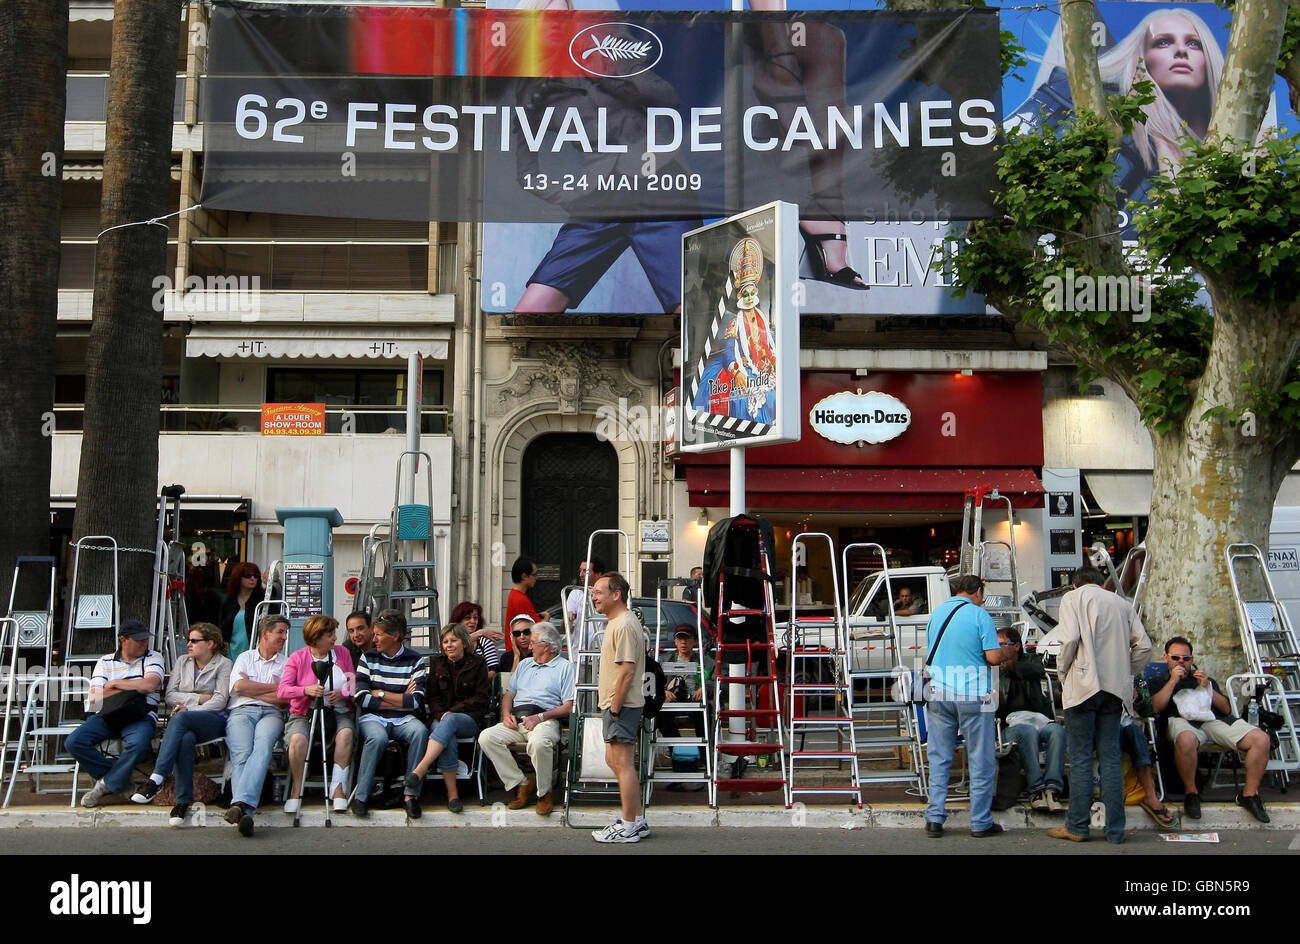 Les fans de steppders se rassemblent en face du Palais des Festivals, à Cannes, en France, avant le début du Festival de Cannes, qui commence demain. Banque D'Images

***

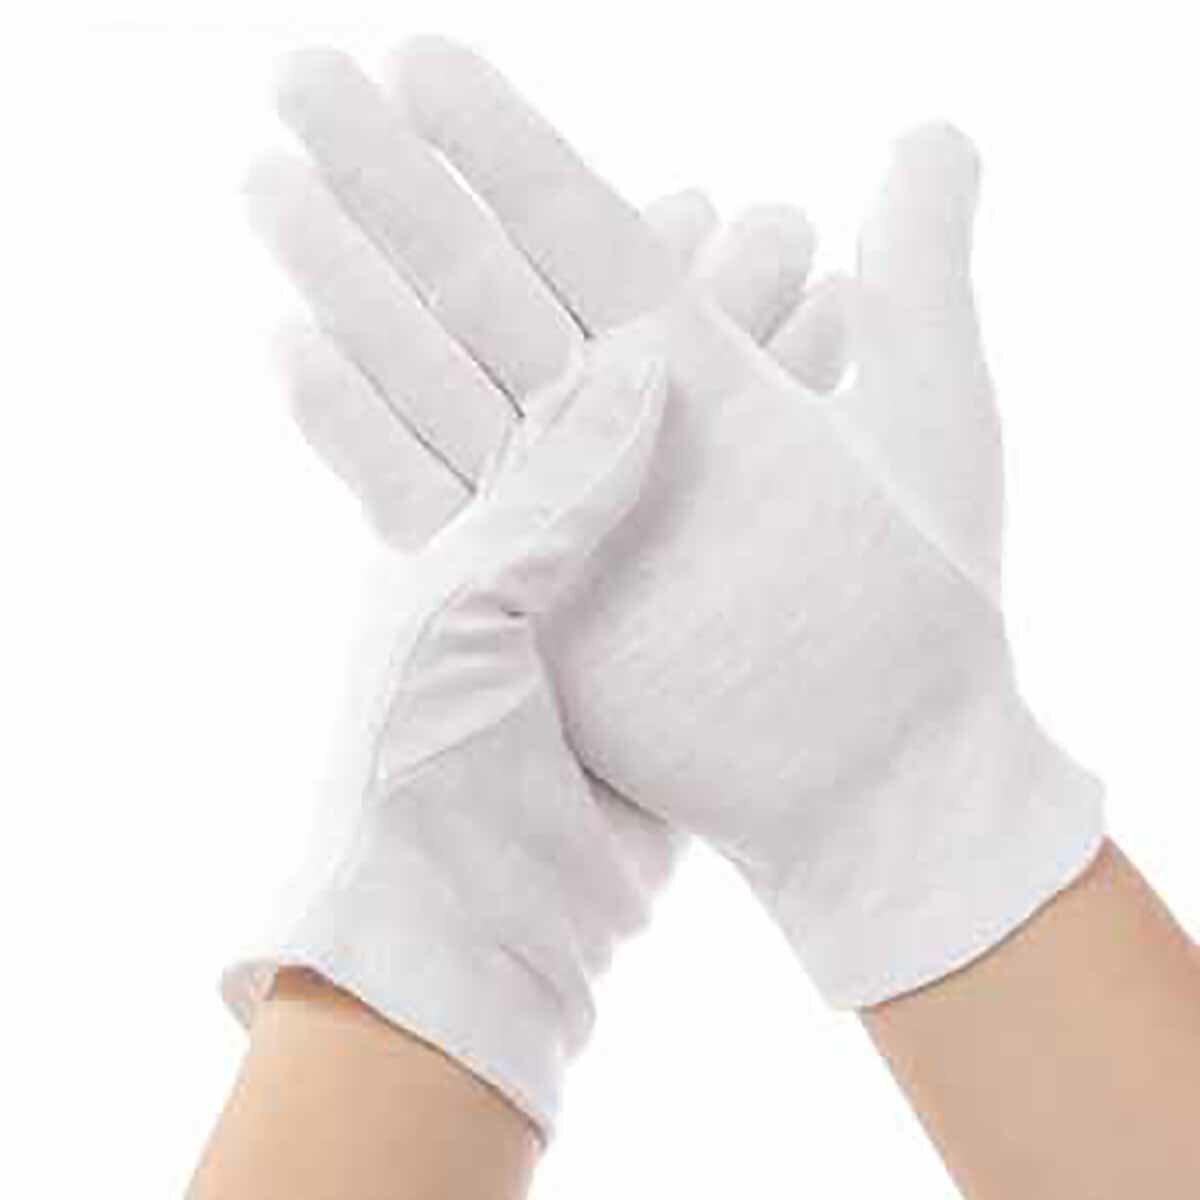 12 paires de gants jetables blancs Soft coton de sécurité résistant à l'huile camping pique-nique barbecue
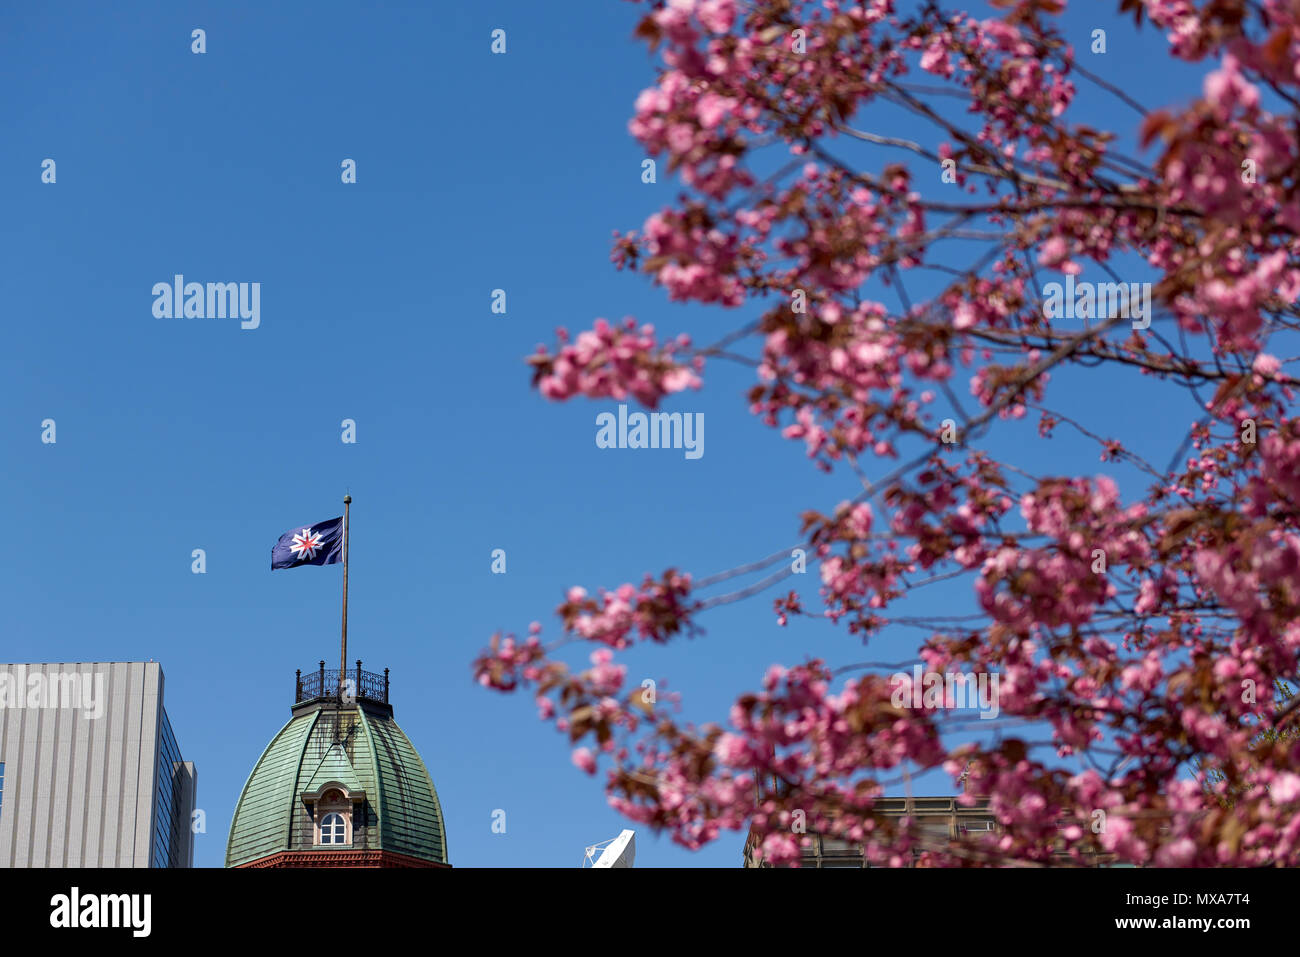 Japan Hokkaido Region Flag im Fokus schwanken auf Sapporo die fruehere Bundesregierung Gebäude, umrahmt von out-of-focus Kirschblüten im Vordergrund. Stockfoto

***

Output exactly the lines above, beginning at the one with "12 paires de" and stopping after the one with "Japan Hokkaido Region". Pictures are to be omitted.

Reply »
 12 paires de gants jetables blancs Soft coton de sécurité résistant à l'huile camping pique-nique barbecue
 Japan Hokkaido Region Flag im Fokus schwanken auf Sapporo die fruehere Bundesregierung Gebäude, umrahmt von out-of-focus Kirschblüten im Vordergrund. Stockfoto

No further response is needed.